The optimized structures and molecular electrostatic potential mapping, shown in Figure 10, enabled elucidation of the Mulliken atomic charges (MAC) (see Figure 10a,b). It was observed that the electron density did not vary greatly over the molecules, leading to flat adsorption on the metal surface with contact of each atom. However, for the NO3, the charge difference was greater, with a positive MAC located on the central N atom due to the resonance of the π-bonding between the N and the O atoms which have a higher electron affinity [42].
The highest occupied molecular orbital (HOMO) and lowest unoccupied molecular orbital (LUMO) surfaces are shown in Figure 11. The HOMO surfaces provide information on the sites of the molecule in which the most loosely bound electrons are likely to be donated to the metal, while the LUMO surfaces show the regions in which electrons from the metal are likely to be back-donated to the inhibitor [41,43]. For NO2, the largest portion of the HOMO concentrated around the π-bonds of the oxygen bonding where resonance occurs. The LUMO of the NO2 was concentrated near the nitrogen end of the molecule. The HOMO of the NO3 showed outer oxygen molecules, while the LUMO was symmetrical and evenly spread across the molecule.
The computed quantum properties of the HOMO and LUMO electronic state energies EHOMO and ELUMO, respectively, and the energy gap (ΔE), and dipole moment (µD) are listed in Table 6. Higher values of EHOMO were associated with enhanced ability of the inhibitor to donate electrons to the vacant metal atom orbitals, and lower values of ELUMO indicated an increased tendency of the inhibitor to accept back-donated electrons from the metal atoms [44]. The ΔE value can be used to assess the relative reactivity of the inhibitor molecule to the metal atom; lower ΔE values may indicate better inhibition efficiency [45,46]. From these DFT calculations and the trends described, it was determined that NO2 behaved as a superior corrosion inhibitor relative to NO3 due to its higher EHOMO and lower ΔE. Additionally, the µD values of the inhibitors were close in value; however, the higher µD of the NO2 may also have contributed to its increased corrosion inhibition [47].

4. Conclusions

The corrosion protection of inhibitor mixtures of NaNO2 and NaNO3 were studied in SCPS contaminated with 0.6 M NaCl using CPP and EIS electrochemical techniques.
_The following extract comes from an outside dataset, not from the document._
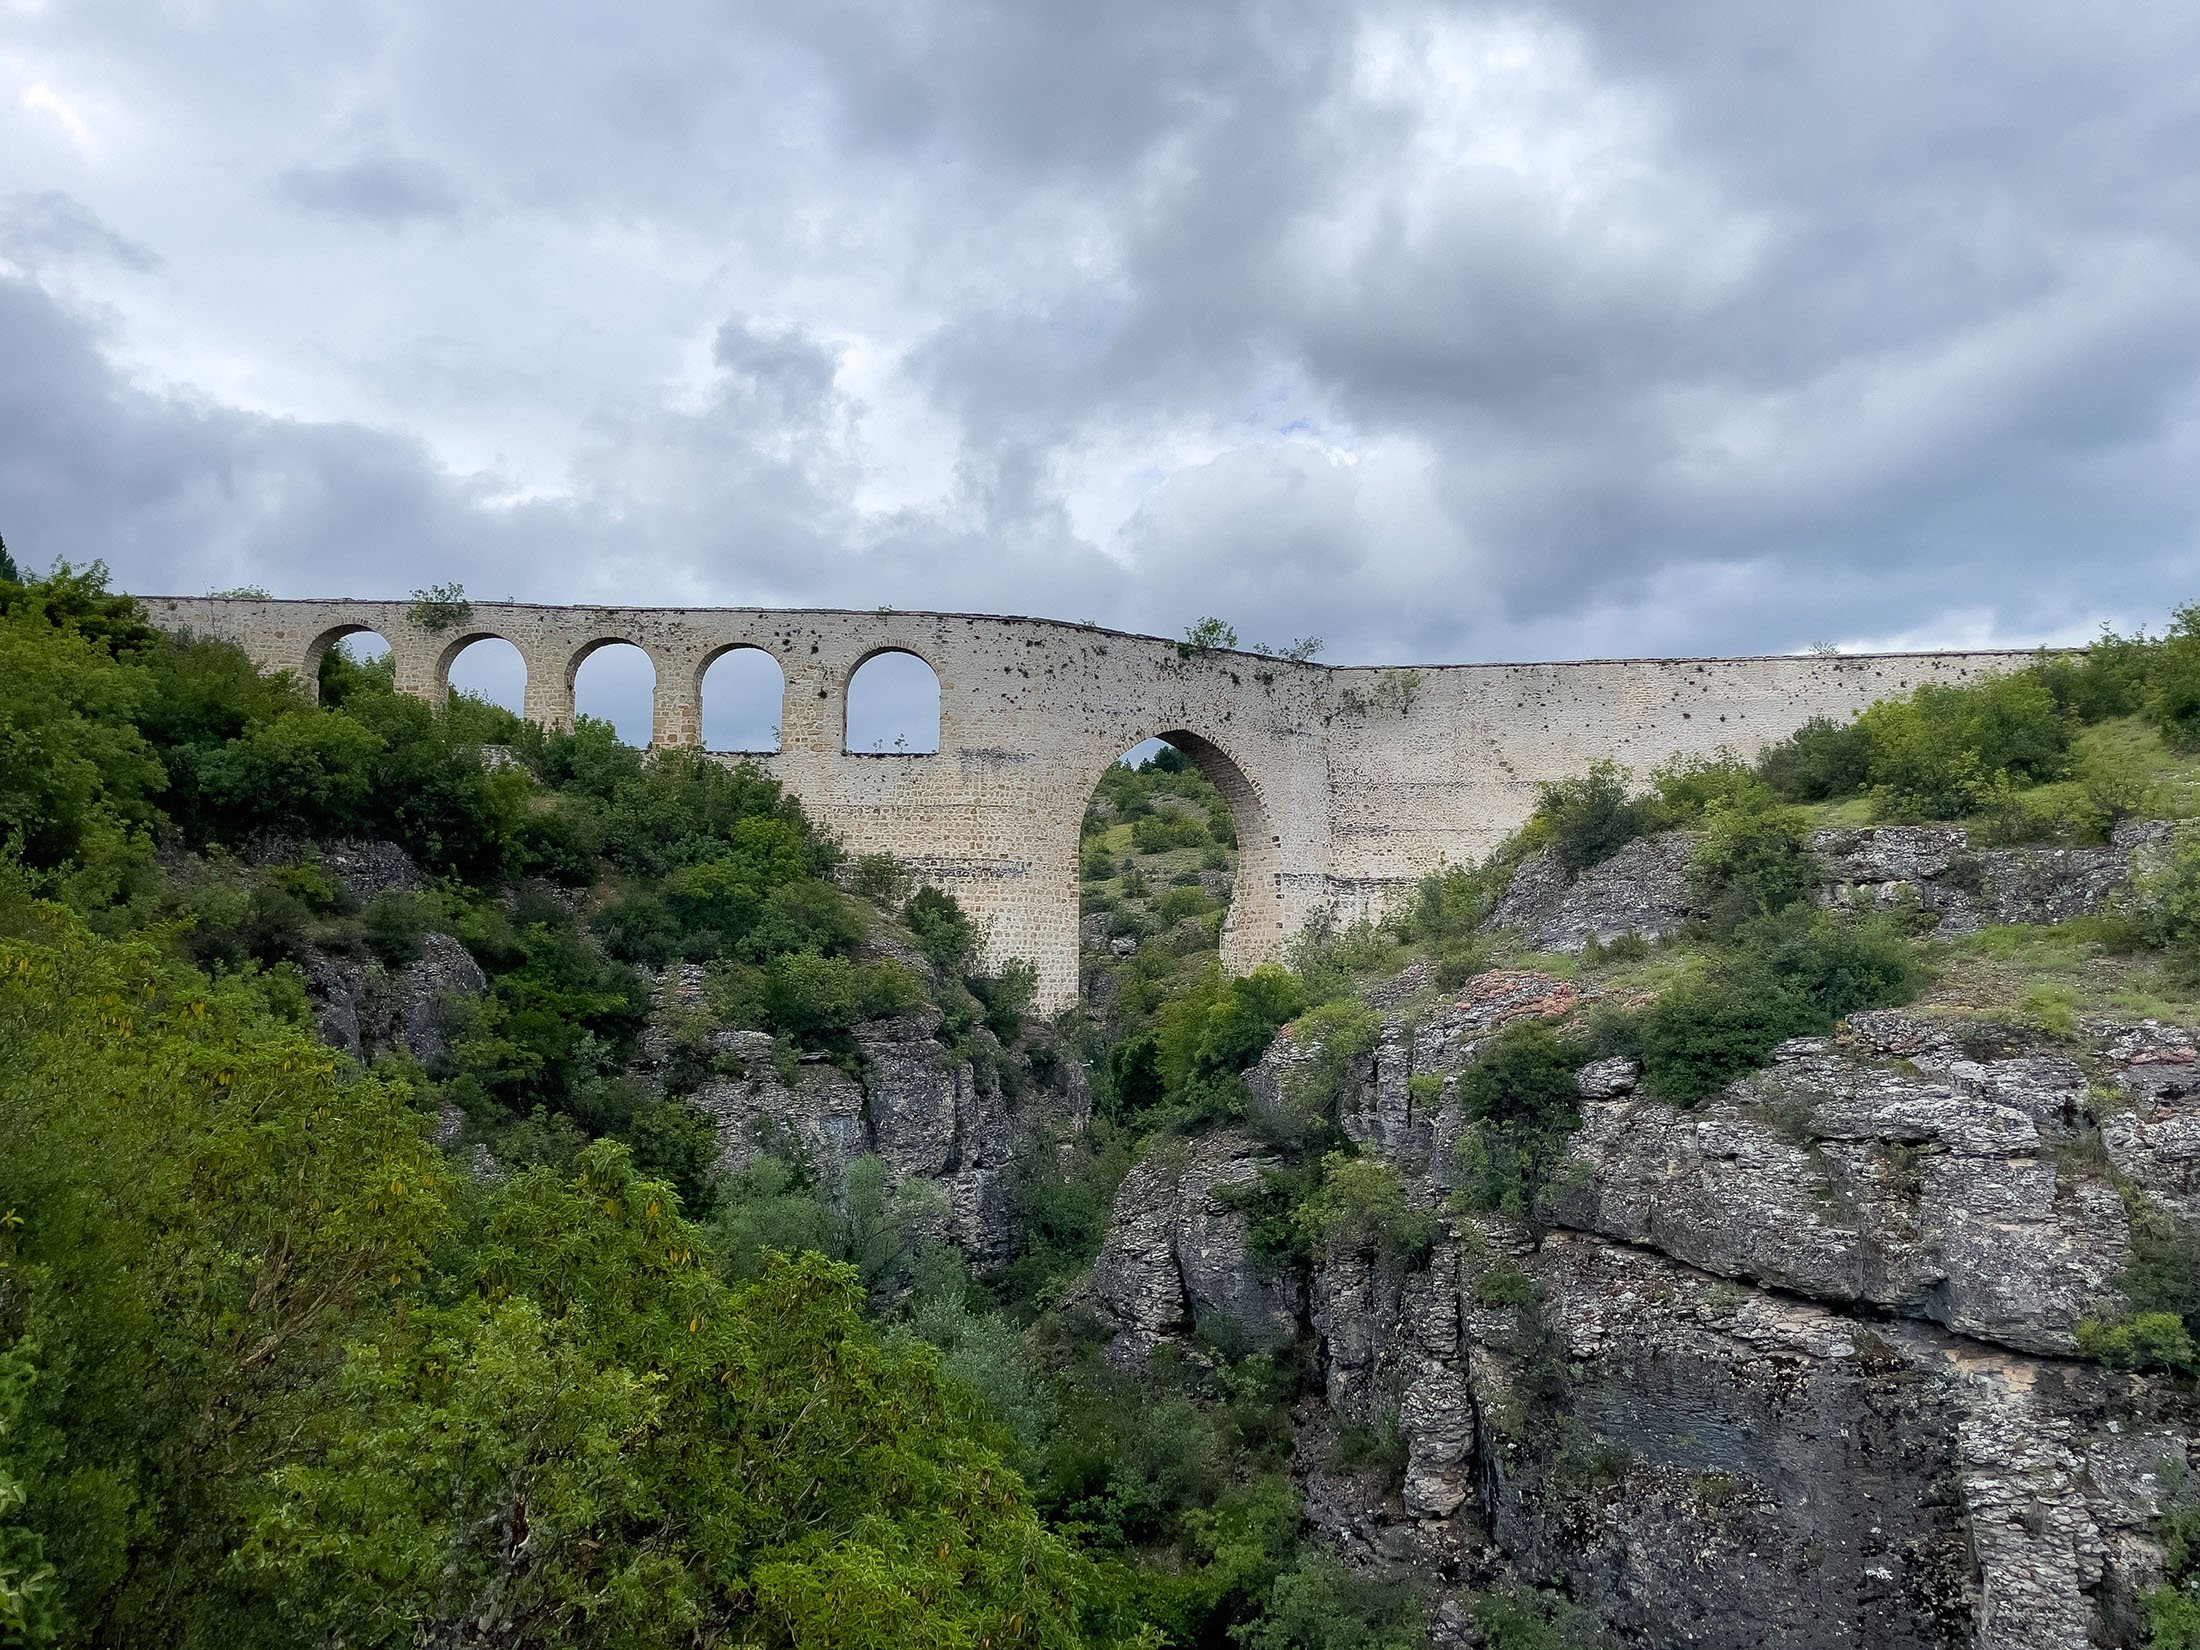 A historical aqueduct goes across the canyon in Safranbolu, Karabük, northern Turkey, July 10, 2022. (Photo by Ahmet Koçak)

The results were correlated with quantum calculation results from DFT analysis. The following conclusions can be drawn:
  • A mixture of NaNO2 and NaNO3 corrosion inhibitors can successfully protect carbon steel rebar in simulated concrete pore solution with 0.6 M NaCl. All mixtures tested, including 1:0.5, 1:1, and 0.5:1 NO2:NO3 ratios, showed improvement in the corrosion properties compared to the control test with no inhibitors. The best performing inhibitor mixture was the 1:0.5 ratio, showing an icorr of 1.16 × 10−7 A/cm2 at 25 °C.
  • Greater concentrations of NO2 were associated with higher corrosion inhibition; specifically, the 1:0.5 and 1:1 NO2:NO3 solutions showed the lowest icorr and highest resistance values associated with passive film (Rf) values of 1.67 × 103 and 1.60 × 103 Ω cm2, respectively, and corrosion process (Rct) values of 1.31 × 105 and 2.39 × 105 Ω cm2, respectively. The activation energy (Ea) also followed this trend, the 1:0.5 inhibitor mixture showing the highest activation energy of 12.1 kJ/mol, indicating that a greater energy barrier needed to be overcome for the corrosion process to be initiated with higher amounts of nitrite compared to nitrate inhibitors. Therefore, the dominating inhibitor in the mixture was found to be NO2. The inhibitor blends of 1:0.5 and 1:1 NaNO2:NaNO3 showed the best corrosion inhibition; thus, the optimal ratio is 1:1 to maximize inhibition efficiency while minimizing NO2, as it is toxic and can be harmful to the environment.
  • Finally, by comparison of two commercially available mixtures, the inhibitor mixture with the higher nitrite concentration (Sika) showed the most passive Ecorr of −292 mVSCE and a lower icorr of 4.27 × 10−7 A/cm2, corroborating the hypothesis that nitrite dominated the inhibition process of the NO2:NO3 mixture.
  • By DFT analysis of the inhibitors, the EHOMO, ELUMO, ΔE, and dipole moment values obtained were found to be consistent with the experimental results. The EHOMO values indicated that nitrite more readily donated its electrons to the metal atoms and that the ΔE was lower, −5.74 eV, for the higher nitrite mixture (1:0.5), which has been correlated with better corrosion inhibition in the literature.

Author Contributions

Conceptualization, D.M.B.; methodology, J.R., U.M., K.B. and D.M.B.; formal analysis, J.R., U.M., K.B. and D.M.B.; investigation, J.R., U.M., K.B. and D.M.B.; resources, D.M.B.; data curation, J.R., U.M., K.B. and D.M.B.; writing—original draft preparation, J.R., U.M., K.B. and D.M.B.; writing—review and editing, J.R. and D.M.B.; visualization, D.M.B.; supervision, D.M.B.; project administration, D.M.B.; funding acquisition, D.M.B. All authors have read and agreed to the published version of the manuscript.

Funding

This research was funded by Firestone Research, grant number 639430, and The University of Akron Fellowship, grant numbers FRC-207160 and FRC-207865.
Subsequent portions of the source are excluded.